Off Gerry goes again, rescuing Israeli soldier Segen along the way – because he has deduced that the bite of the zombies infects the blood stream. Segen gets bitten on the hand, and Gerry immediately cuts off her lower arm, hoping he has stopped the spread in her system. He counts off the seconds and yes, it has worked.
The remainder of the action involves getting to the lab, getting to the vault with the viruses and antiviruses, and getting these out to the rest of the humans, thus stopping the virus.
And of course, Gerry succeeds.
So why did the movie feel so flat?
The Disengaged Problems with World War Z
The problems in the storytelling are two-fold.
First, the external problem as set up is nearly insurmountable.

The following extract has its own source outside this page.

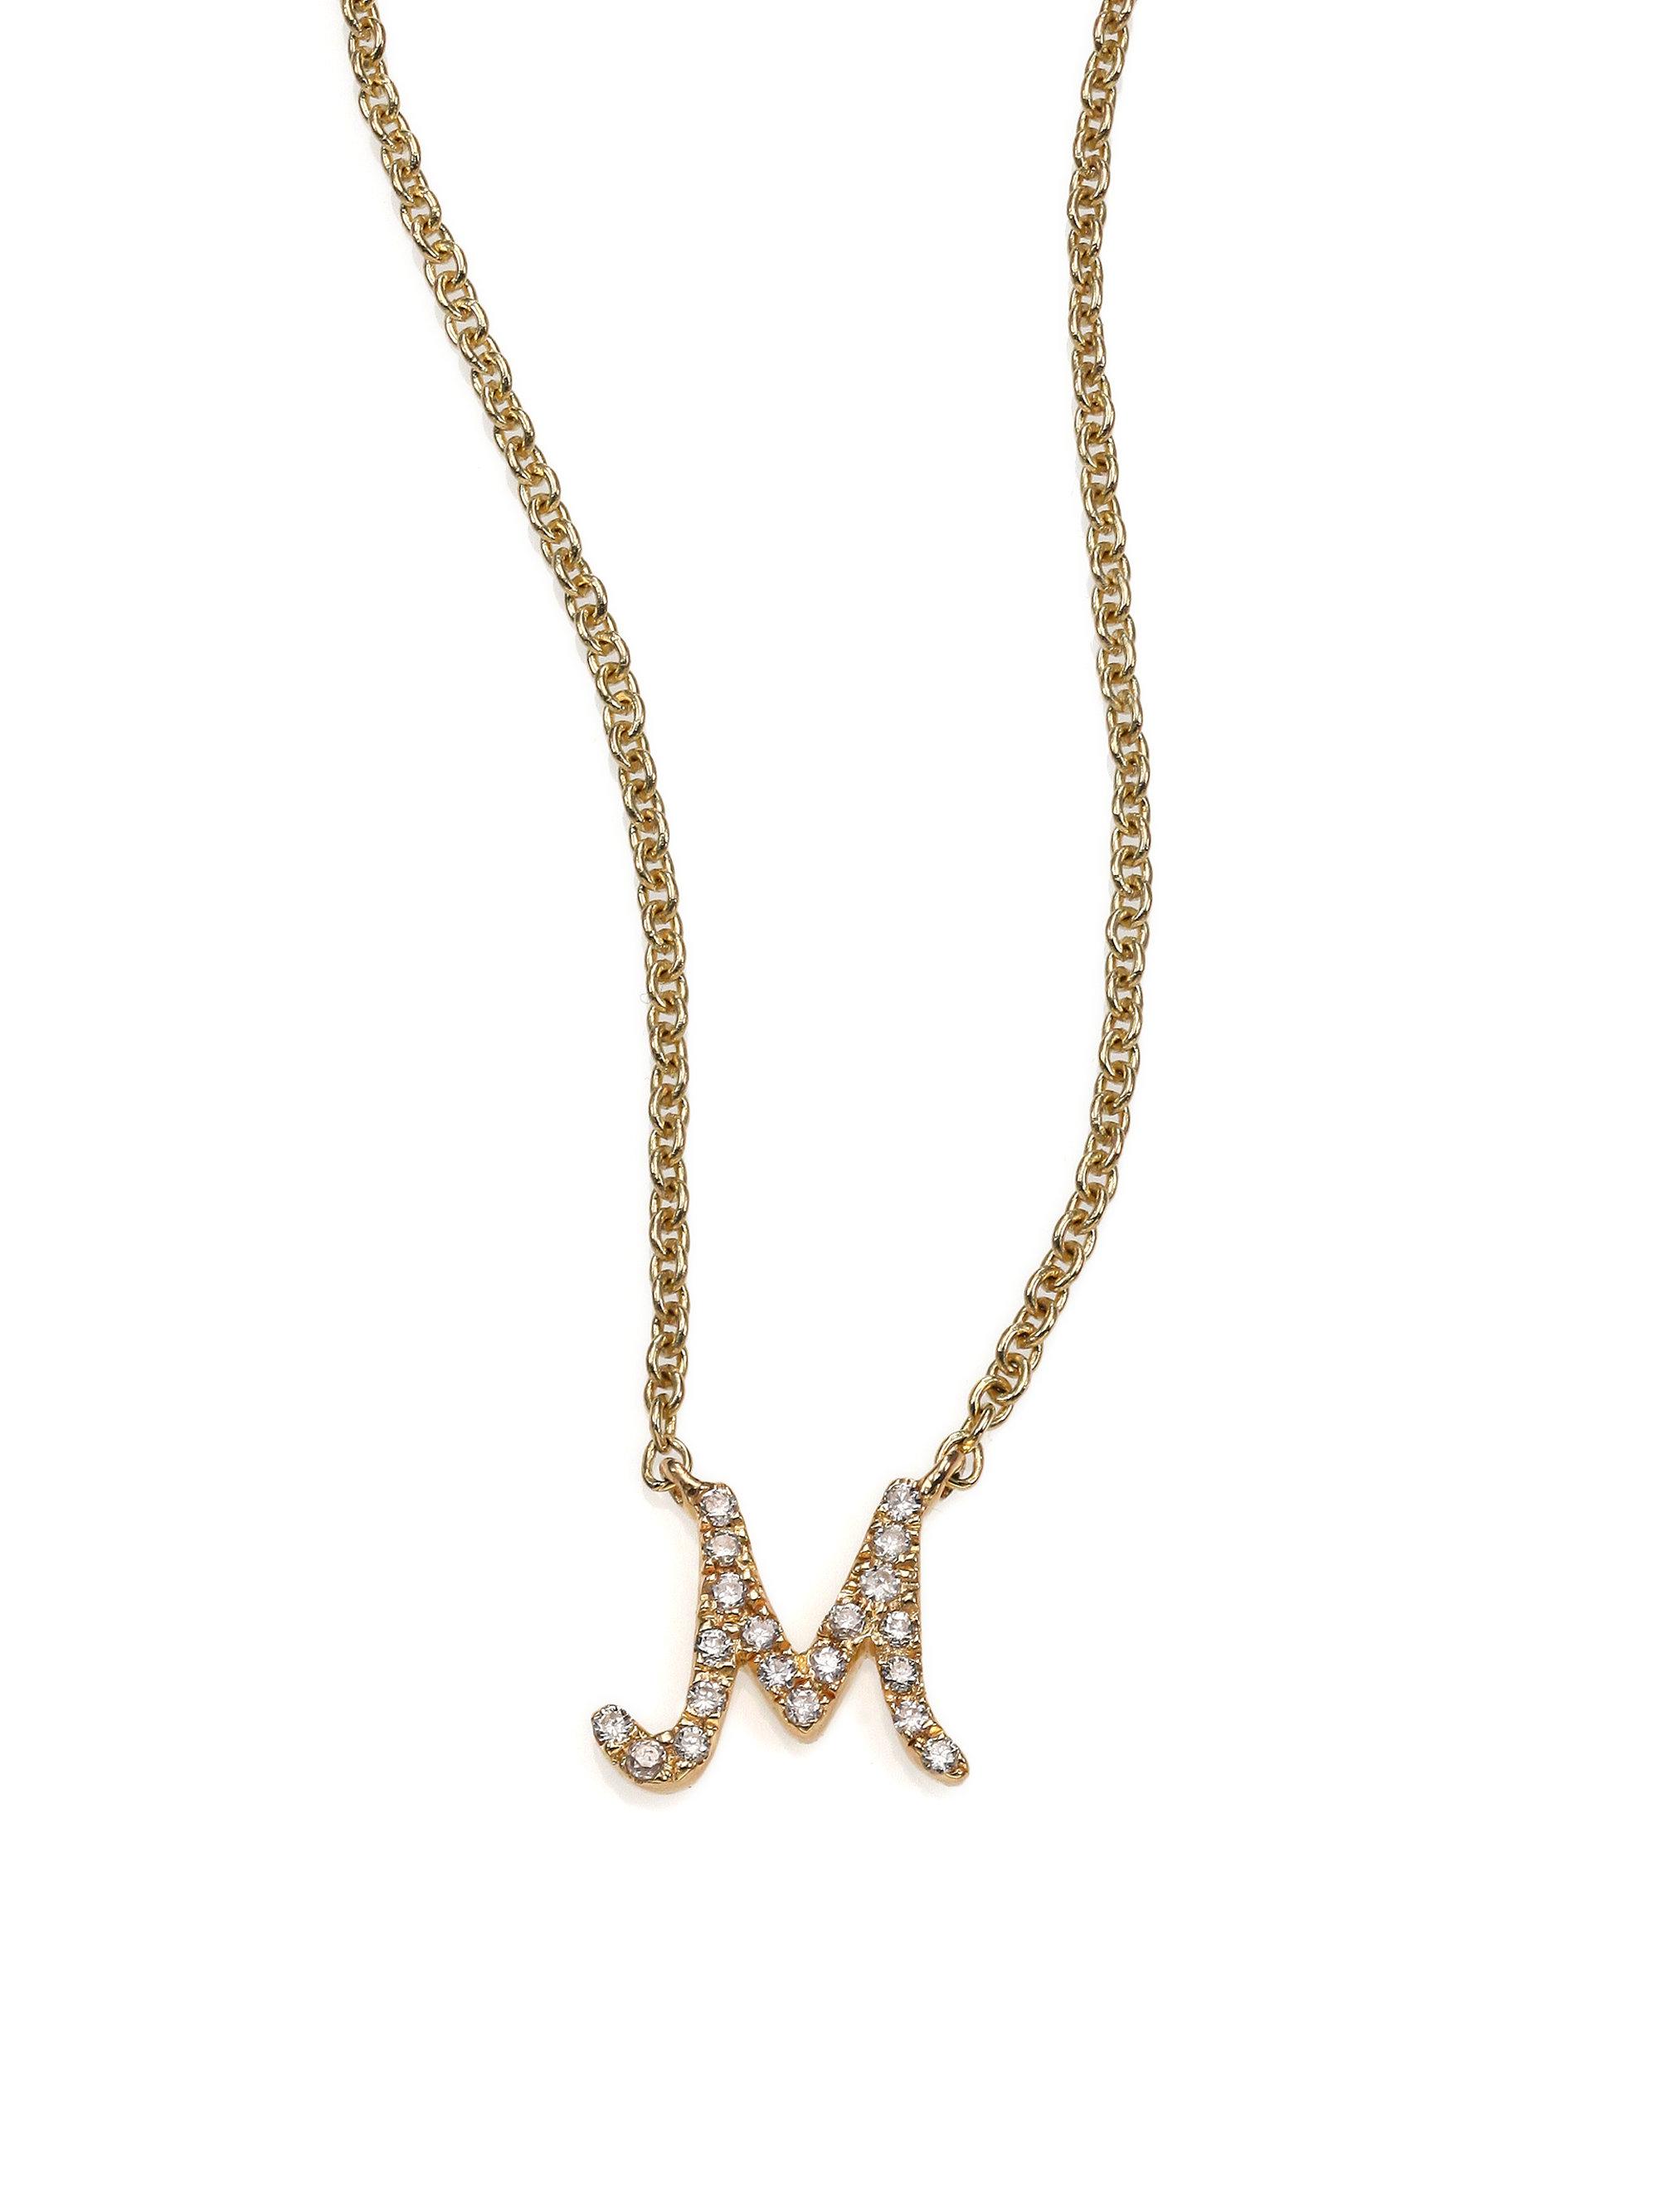 Sydney Evan Diamond E Necklace - Metallic 07pDq

Although it takes a red blood cell 20 seconds to circle the whole body, the story shows us that in a mere 12 seconds after being bitten the victim dies. The zombie plague successfully infects too fast for most story options. There is almost no doubt that a bite means death. Gerry’s hack job is the only demonstrated evasion of that and it comes late in the story. The speed of the plague mechanism removes the suspense of will-they-or-won’t-they become victims. And Segen’s rescue is played as absolute when she doesn’t die after the 12-count.
The second major problem is the emotional connection of the audience with Gerry – or rather, the lack of it. He’s an observer, primarily, and that makes the character distanced from the audience from the start. It isn’t that Observer characters are completely unappealing, they are not. Famous and popular Observer characters would be Sherlock Holmes or Star Trek’s Mr. Spock. But both of those characters are mediated by a more emotive character that the audience connects to. Gerry, however, is basically all alone. His family is left behind early, and Segen, other than being a fellow survivor, has no emotional connection to him. So there is no emotional mediator for the audience, no one who can reflect Gerry’s internal emotions and challenges.
For the audience, Gerry Lane (no matter how well played by Brad Pitt) is about as emotionally engaging as the zombies he is trying to stop. There’s plenty of action and spectacle to the story, but considering the global threat, the emotional ride is rather flat.
What Could Have Been Done?
Assuming the premise of the zombie plague and its solution remained the same – in the first act, when the family is escaping, have one of the Lane’s daughters get bitten and they have to leave her (she’s now dead and a zombie). This puts a high emotional charge between Gerry and his wife. When Gerry is sent on the quest, his wife goes with him, as his working partner (easy enough to give her a backstory and expertise that matches his). In Israel, instead of rescuing Segen, who has no emotional connection to Gerry, have it be Gerry’s wife that must be saved by lopping off part of her arm. These changes would have engaged the audience far more, for in addition to the global question of stopping the zombies, there would be the emotional question of whether the relationship between Gerry and his wife would survive.
An engaging story has to intensely make the audience not want to be a zombie. To do that, the main character they are following has to be much more than an emotionally disengaged zombie.